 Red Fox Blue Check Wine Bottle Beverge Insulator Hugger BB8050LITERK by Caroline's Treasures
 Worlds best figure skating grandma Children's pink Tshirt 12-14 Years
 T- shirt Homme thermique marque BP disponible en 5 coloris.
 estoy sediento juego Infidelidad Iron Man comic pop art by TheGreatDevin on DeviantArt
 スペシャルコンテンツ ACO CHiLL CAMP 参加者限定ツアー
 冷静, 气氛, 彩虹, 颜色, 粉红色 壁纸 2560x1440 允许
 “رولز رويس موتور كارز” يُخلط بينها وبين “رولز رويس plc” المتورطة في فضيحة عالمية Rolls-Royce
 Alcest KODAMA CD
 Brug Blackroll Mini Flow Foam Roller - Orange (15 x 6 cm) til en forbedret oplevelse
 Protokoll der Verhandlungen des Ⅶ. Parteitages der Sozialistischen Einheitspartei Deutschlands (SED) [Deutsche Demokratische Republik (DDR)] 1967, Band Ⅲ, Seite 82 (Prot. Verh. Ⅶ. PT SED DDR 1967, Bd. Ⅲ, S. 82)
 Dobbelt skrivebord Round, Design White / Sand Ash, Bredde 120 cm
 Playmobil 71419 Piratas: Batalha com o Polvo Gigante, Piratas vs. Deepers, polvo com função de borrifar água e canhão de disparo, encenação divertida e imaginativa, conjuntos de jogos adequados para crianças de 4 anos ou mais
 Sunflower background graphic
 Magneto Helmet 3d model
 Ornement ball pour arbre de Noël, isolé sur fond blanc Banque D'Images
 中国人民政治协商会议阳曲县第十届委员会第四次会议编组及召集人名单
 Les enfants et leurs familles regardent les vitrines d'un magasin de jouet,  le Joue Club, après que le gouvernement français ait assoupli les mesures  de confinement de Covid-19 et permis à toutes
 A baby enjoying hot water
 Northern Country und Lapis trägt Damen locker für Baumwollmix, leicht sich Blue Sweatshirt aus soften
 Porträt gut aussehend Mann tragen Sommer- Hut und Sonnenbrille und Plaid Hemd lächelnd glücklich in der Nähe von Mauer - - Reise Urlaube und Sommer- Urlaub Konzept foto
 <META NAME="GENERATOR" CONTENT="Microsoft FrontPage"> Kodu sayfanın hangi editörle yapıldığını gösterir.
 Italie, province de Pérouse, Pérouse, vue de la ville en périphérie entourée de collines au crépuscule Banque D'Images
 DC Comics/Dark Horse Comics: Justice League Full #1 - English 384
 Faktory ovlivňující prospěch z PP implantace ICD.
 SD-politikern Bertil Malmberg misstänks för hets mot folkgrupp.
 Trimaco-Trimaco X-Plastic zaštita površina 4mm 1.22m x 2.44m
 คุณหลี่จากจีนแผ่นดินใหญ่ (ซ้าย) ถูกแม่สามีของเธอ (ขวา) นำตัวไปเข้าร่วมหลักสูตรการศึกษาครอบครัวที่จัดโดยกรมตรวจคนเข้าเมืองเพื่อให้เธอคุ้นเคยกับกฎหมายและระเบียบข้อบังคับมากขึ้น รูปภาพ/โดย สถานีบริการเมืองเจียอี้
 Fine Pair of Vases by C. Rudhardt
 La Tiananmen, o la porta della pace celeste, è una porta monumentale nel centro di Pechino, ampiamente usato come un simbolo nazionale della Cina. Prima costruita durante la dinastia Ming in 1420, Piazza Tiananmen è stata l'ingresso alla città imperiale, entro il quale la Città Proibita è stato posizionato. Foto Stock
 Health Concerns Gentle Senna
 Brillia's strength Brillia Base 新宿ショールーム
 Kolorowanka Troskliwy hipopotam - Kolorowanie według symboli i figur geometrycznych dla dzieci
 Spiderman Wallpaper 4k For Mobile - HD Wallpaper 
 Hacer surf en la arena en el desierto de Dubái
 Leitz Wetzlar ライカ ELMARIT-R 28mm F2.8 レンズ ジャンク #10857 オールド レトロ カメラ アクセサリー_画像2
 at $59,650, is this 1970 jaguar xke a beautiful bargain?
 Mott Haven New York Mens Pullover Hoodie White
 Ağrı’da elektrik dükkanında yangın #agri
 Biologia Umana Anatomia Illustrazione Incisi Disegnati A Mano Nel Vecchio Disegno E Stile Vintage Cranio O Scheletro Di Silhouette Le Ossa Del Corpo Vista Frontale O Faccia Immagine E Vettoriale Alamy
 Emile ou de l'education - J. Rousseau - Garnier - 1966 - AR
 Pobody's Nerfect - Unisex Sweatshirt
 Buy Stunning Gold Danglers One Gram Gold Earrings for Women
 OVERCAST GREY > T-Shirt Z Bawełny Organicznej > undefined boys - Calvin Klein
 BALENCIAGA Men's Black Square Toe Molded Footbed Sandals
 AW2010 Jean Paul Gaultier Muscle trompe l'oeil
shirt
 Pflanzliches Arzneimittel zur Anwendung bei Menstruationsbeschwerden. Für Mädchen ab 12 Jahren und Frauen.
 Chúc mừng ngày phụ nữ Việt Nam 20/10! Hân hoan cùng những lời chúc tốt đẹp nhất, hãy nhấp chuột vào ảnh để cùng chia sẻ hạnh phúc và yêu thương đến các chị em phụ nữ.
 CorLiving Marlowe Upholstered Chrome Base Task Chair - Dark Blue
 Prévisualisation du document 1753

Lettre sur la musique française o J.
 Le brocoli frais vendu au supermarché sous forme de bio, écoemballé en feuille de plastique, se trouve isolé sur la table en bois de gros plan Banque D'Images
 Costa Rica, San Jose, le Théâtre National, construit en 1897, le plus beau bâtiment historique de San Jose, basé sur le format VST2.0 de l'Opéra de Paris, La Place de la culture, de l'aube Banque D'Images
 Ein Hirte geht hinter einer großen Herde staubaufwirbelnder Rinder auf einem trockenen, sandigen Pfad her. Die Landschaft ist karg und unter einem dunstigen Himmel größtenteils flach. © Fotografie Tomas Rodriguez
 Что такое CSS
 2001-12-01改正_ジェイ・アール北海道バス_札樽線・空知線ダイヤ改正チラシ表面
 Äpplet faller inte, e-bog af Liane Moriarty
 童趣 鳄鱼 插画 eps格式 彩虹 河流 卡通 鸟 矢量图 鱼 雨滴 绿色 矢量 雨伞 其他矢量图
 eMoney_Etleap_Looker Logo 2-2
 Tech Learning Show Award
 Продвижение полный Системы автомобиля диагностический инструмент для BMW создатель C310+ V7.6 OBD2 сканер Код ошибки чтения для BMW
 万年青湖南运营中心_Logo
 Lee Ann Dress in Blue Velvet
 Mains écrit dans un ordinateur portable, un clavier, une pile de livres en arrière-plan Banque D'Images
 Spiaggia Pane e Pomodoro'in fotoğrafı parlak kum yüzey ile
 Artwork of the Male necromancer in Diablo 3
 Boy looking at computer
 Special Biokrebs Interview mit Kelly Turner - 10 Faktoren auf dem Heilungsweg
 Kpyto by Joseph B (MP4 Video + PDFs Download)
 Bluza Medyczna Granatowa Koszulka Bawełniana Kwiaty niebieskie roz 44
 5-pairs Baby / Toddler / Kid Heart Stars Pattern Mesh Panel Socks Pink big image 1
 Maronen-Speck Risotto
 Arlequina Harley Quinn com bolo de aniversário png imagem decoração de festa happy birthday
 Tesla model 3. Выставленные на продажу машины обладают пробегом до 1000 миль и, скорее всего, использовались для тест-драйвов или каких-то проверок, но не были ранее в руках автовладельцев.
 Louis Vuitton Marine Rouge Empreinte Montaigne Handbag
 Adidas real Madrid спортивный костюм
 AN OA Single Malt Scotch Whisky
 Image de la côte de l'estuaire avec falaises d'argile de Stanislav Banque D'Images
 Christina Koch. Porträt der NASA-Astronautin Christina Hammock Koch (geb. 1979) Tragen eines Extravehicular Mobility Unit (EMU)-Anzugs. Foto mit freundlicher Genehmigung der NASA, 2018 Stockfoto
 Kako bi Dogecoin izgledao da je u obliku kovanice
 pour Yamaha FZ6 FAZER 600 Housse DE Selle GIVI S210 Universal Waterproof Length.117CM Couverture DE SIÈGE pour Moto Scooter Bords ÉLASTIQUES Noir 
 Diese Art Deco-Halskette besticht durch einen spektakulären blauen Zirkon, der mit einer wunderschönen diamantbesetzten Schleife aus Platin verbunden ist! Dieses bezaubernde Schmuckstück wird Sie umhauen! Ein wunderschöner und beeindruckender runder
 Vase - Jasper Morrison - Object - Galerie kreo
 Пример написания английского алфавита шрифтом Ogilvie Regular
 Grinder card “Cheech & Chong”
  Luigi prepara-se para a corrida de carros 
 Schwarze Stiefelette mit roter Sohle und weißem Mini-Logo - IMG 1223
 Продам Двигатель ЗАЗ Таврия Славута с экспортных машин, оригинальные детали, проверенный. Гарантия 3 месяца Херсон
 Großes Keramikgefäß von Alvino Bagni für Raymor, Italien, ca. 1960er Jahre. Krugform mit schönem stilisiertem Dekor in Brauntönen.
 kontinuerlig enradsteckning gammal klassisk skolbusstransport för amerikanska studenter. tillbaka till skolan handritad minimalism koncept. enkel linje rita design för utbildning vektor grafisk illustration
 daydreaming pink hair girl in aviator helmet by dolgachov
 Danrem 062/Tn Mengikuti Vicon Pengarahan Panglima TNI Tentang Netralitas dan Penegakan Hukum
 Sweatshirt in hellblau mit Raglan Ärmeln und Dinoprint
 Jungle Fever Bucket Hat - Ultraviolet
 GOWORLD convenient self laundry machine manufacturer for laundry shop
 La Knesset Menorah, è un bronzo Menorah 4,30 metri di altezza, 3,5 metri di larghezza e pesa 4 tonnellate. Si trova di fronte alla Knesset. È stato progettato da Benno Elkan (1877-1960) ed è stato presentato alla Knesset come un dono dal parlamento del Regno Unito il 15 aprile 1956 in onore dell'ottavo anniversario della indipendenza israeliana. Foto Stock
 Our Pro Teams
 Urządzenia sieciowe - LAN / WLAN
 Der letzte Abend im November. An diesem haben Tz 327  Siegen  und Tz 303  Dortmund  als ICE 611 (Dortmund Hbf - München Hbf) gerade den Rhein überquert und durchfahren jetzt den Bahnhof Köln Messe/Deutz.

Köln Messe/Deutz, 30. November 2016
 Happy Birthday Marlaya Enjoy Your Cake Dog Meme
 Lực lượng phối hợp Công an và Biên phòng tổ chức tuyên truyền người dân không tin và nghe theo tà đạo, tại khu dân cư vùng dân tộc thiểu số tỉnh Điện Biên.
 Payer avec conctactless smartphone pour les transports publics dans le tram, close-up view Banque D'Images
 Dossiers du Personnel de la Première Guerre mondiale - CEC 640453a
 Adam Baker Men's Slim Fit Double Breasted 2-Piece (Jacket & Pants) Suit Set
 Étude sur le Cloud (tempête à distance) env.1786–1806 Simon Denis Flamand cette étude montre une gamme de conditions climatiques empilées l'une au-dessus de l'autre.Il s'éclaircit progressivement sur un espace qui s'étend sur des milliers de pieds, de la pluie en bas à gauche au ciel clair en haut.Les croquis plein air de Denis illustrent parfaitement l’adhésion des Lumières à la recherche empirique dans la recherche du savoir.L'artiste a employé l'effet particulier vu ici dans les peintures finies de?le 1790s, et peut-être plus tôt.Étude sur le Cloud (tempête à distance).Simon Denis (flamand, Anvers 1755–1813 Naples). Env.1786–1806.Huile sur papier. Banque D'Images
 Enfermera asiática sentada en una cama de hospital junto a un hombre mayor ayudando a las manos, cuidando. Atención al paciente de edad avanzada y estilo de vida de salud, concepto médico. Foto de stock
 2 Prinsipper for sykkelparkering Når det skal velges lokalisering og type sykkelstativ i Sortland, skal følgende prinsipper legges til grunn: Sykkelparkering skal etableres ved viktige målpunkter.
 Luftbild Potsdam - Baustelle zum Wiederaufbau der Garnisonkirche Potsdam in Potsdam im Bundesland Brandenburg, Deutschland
---
- What you are asked to do -
Search the material above for the word "einer", and return each line that holds it.

- Exercise answer -
 Ein Hirte geht hinter einer großen Herde staubaufwirbelnder Rinder auf einem trockenen, sandigen Pfad her. Die Landschaft ist karg und unter einem dunstigen Himmel größtenteils flach. © Fotografie Tomas Rodriguez
 Diese Art Deco-Halskette besticht durch einen spektakulären blauen Zirkon, der mit einer wunderschönen diamantbesetzten Schleife aus Platin verbunden ist! Dieses bezaubernde Schmuckstück wird Sie umhauen! Ein wunderschöner und beeindruckender runder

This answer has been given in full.